Fusion breakpoint screening submodule:It is connected with the breakpoint information acquisition submodule, in breakpoint information
Screening fusion breakpoint.
Fusion breakpoint screening submodule includes following element:
Breakpoint mass filter element:Low quality breakpoint is filtered to remove for crossing.If there is breakpoint A, sup numbers are more than 5 in A,
And comparison mass value is all higher than 30 in left_seq and right_seq, and mismatch rate is respectively less than 0.05, then breakpoint A is judged as
Fusion breakpoint.
Identical breakpoint merges element:For merging identical breakpoint.If having left_chr in breakpoint A and B, A to be equal in B
Right_chr is equal to left_chr in B in right_chr, A, and left_pos is equal to right_pos, right_ in A in B in A
Pos is equal to left_pos in B.A and B are two kinds of forms of same breakpoint, then breakpoint A and breakpoint B merge into a fusion
Breakpoint.
Fusion breakpoint merges submodule for the first time:It is connected with the breakpoint screening submodule that merges, for will be with phase
The breakpoint of same breakpoint information (left_chr, left_pos, right_chr and right_pos all same) merges into one very
Real fusion breakpoint, and using the breakpoint number with identical breakpoint information as true fusion breakpoint support.

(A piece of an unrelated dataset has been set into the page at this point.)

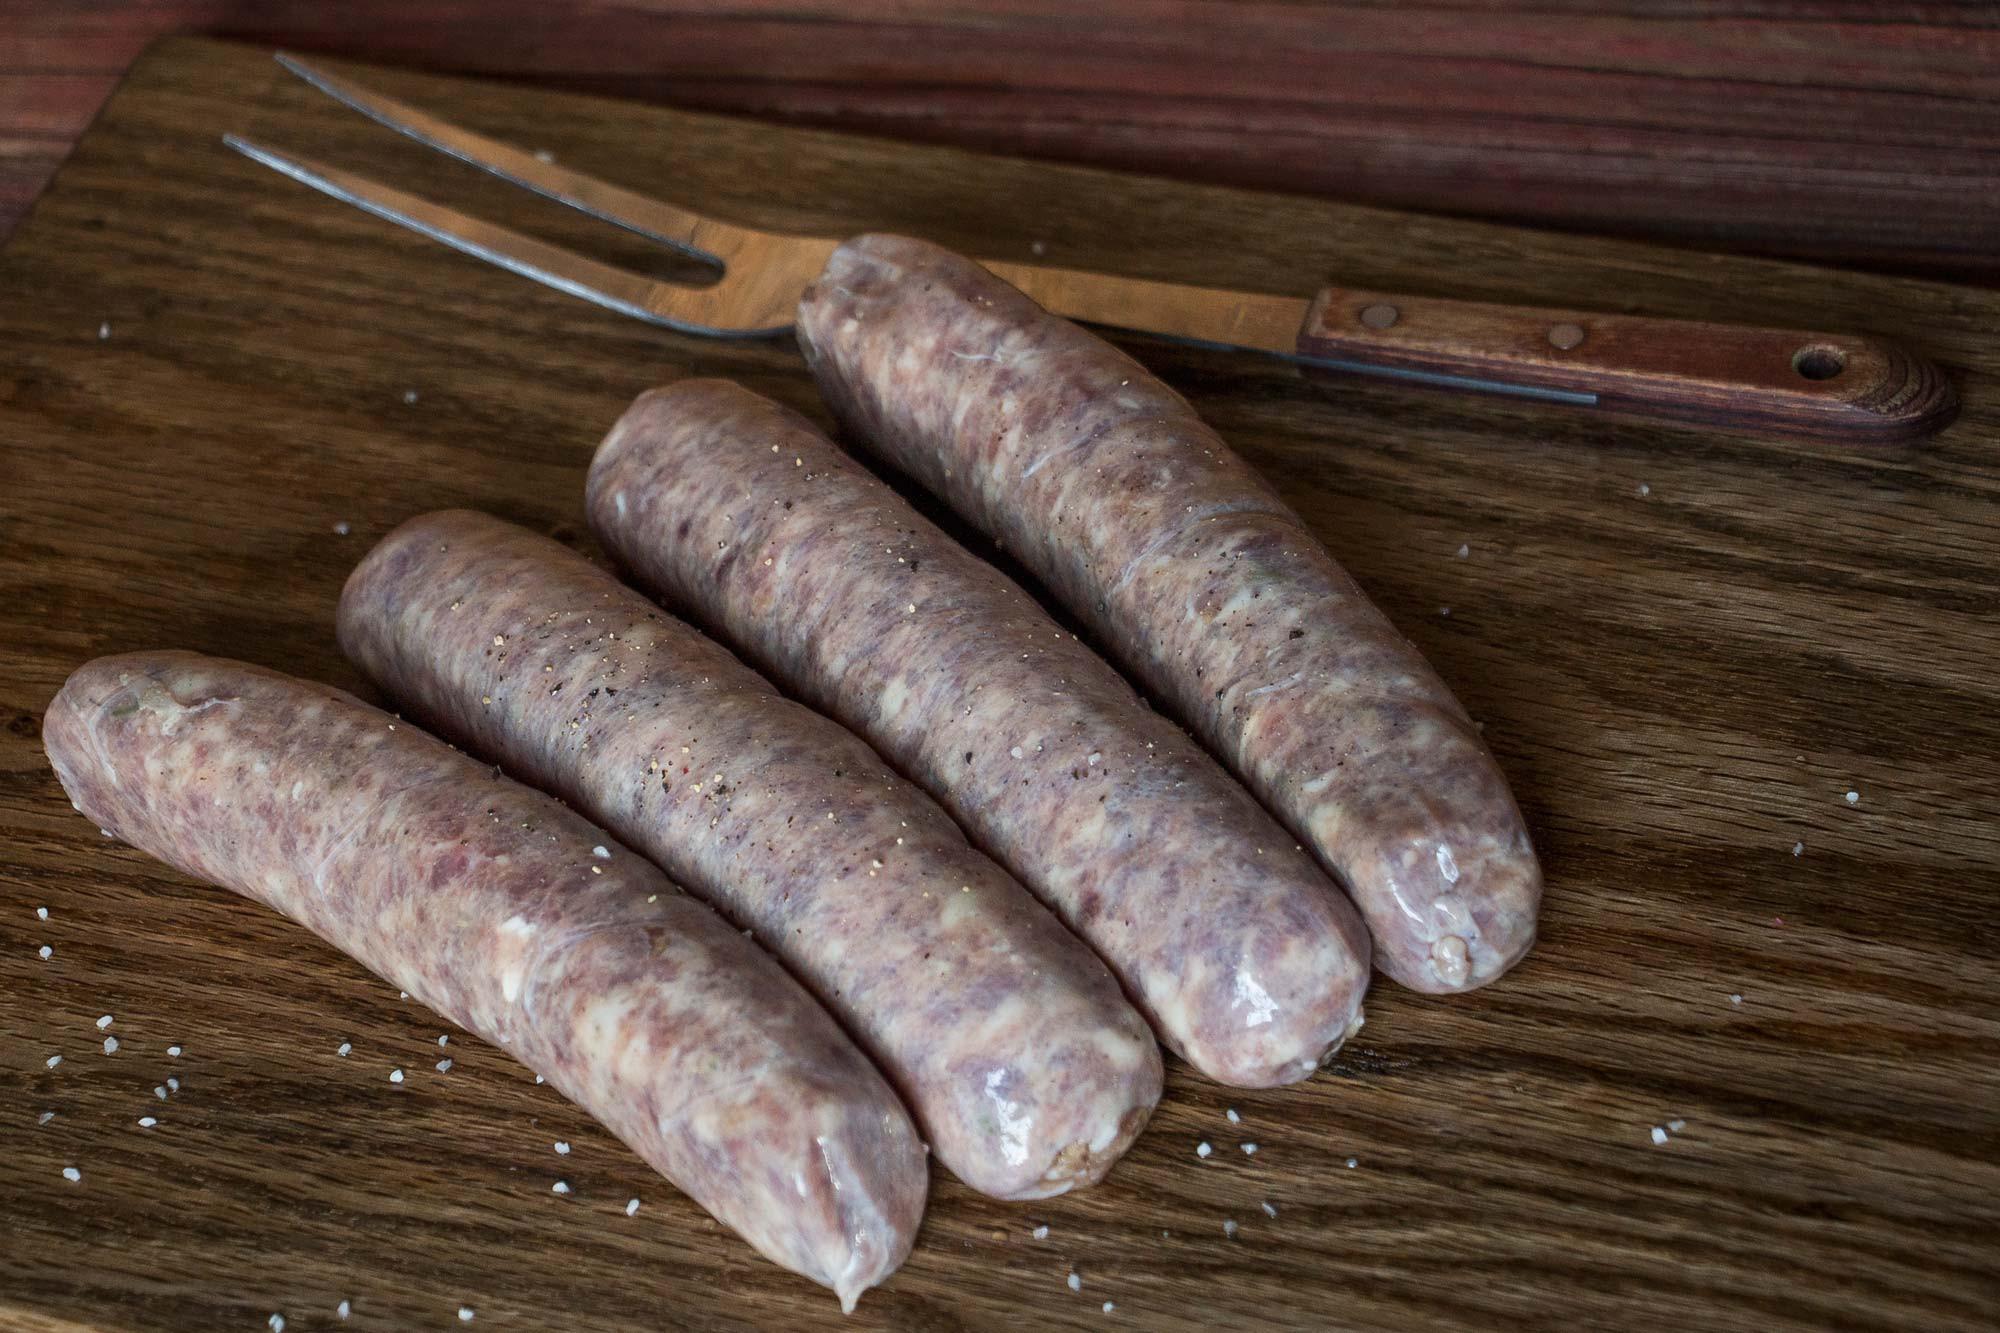 Original Pork Link Sausage
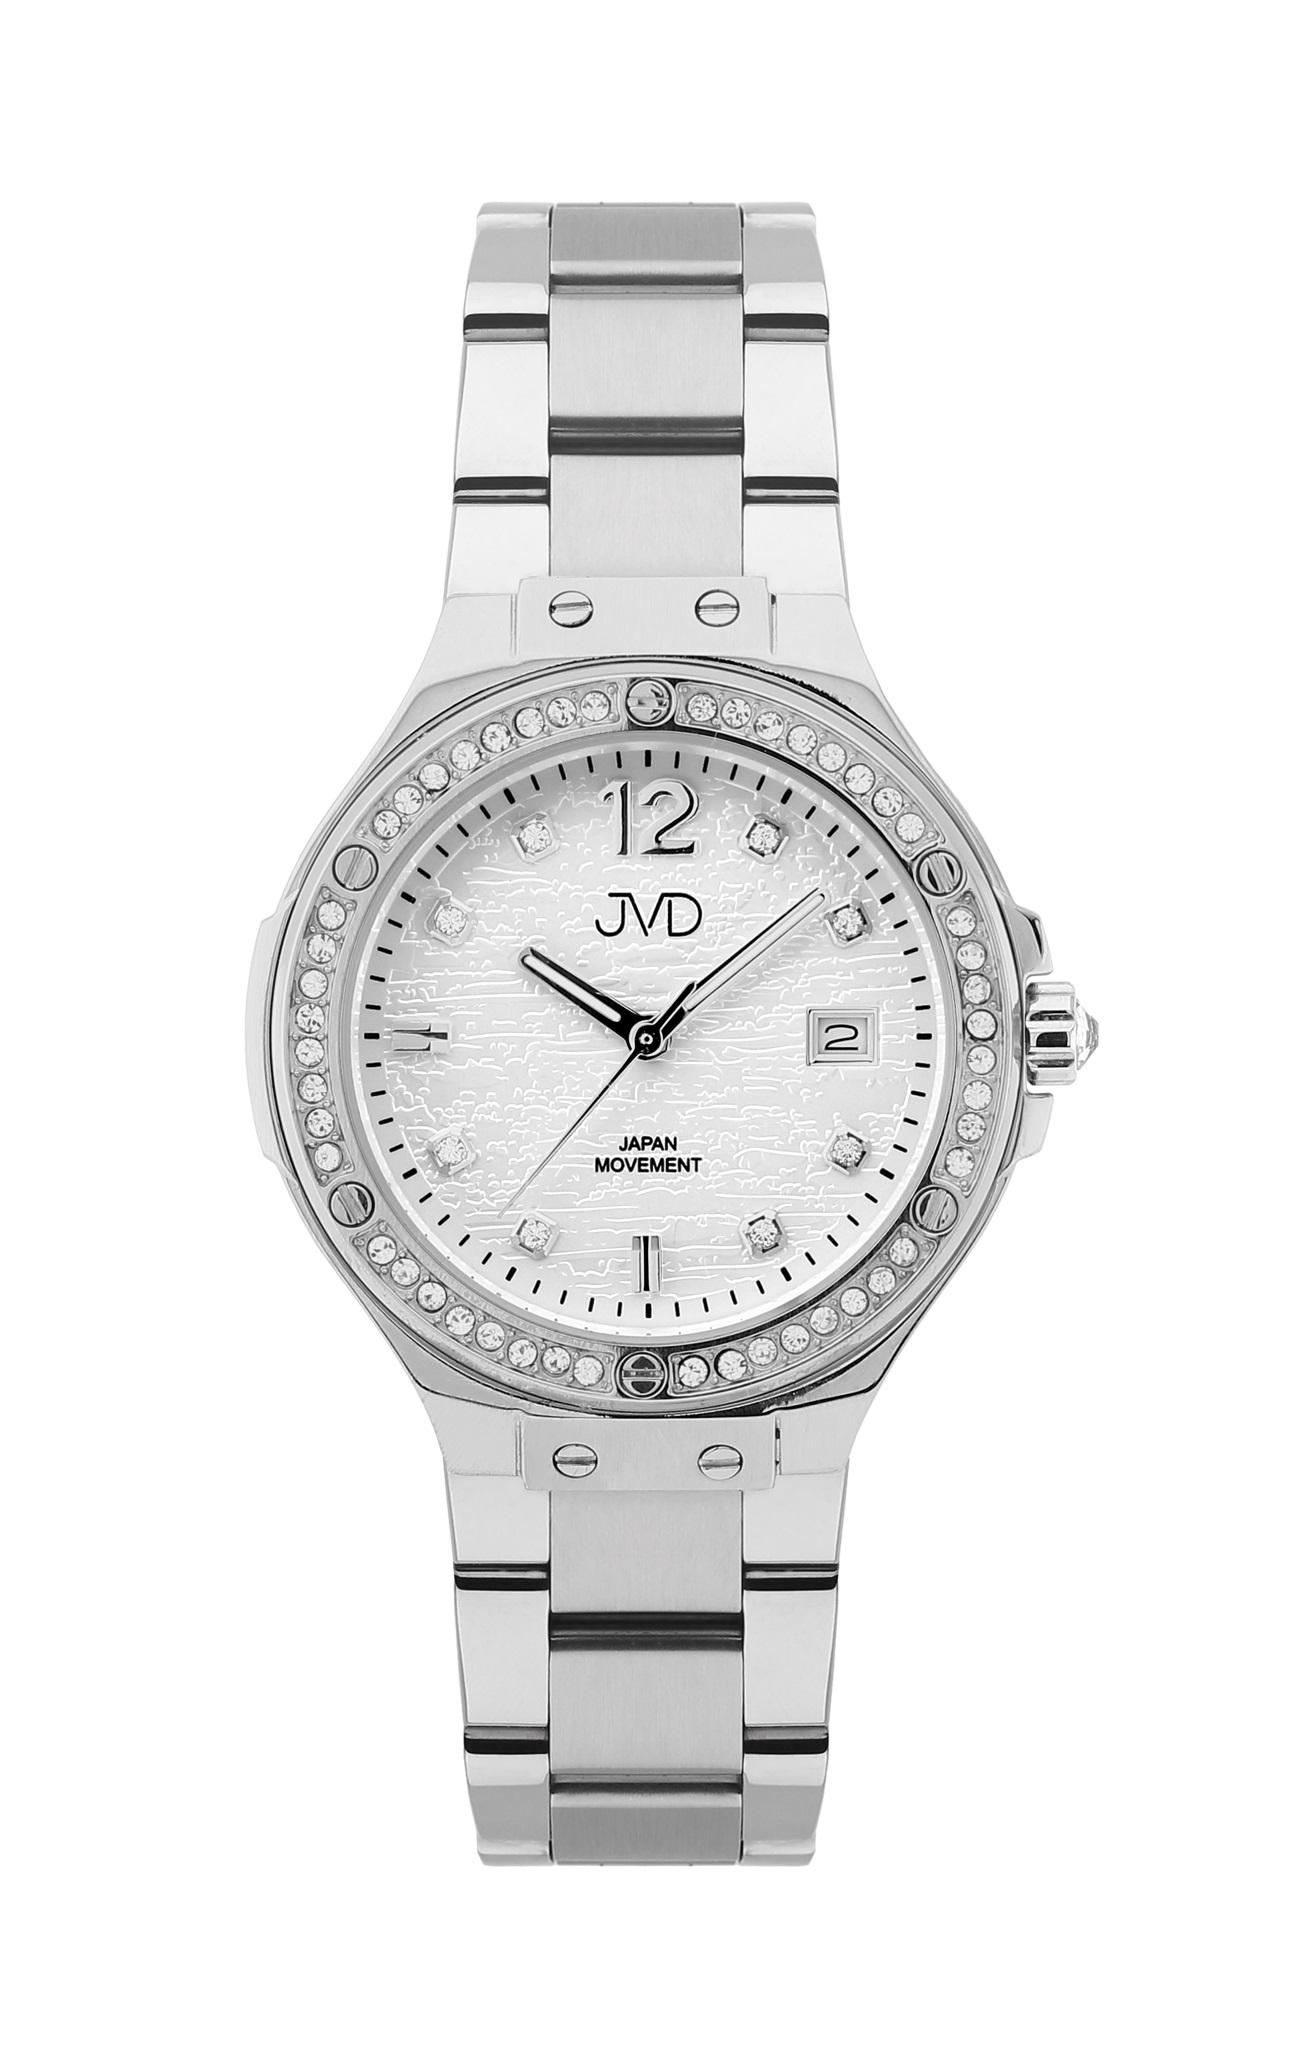 Luxusní dámské ocelové hodinky JVD JC032.2 se zirkony okolo číselníku  (POŠTOVNÉ ZDARMA! a997de381a2

Fusion breakpoint merges submodule again:It merges submodule and is connected for the first time with the breakpoint, by left_chr and
Right_chr is identical, but fusion breakpoint within right_pos or left_pos differences 5bp to merge into a true fusion disconnected
Point.The fusion breakpoint again merging module according to above-mentioned fusion breakpoint information, if in the presence of right_pos in fusion breakpoint A with
Left_pos is less than 5 during right_pos is less than in 5, and fusion breakpoint A left_pos and merges breakpoint B in fusion breakpoint B, then
This fusion breakpoint A and fusion breakpoint B are merged into a Gene Fusion breakpoint (gene fusion).So as to finally give gene
Fusion detection result.And
Output module:It is connected with the true breakpoint judge module that merges, for exporting Gene Fusion testing result.
Testing result is as shown in the table.
1.14 result verifications
The residual F FPE samples of same patient are verified using QPCR methods, detects whether it occurs EML4-ALK's
Fusion.RNA extractions are carried out to residual F FPE samples first, specific steps are with reference to Qiagen FFPERNA extracts kit steps
(MagMAXTMFFPE DNA/RNA Ultra Kit).Testing result shows that EML4 is merged with ALK, the result and 1.13
Testing result is consistent.Detection means of the invention can successfully detect the Gene Fusion of FFPE samples.
Industrial applicibility
According to the present invention, there is provided a kind of detection speed is fast, resource requirement is low, stability is high for FFPE pattern detections
The device and method of Gene Fusion.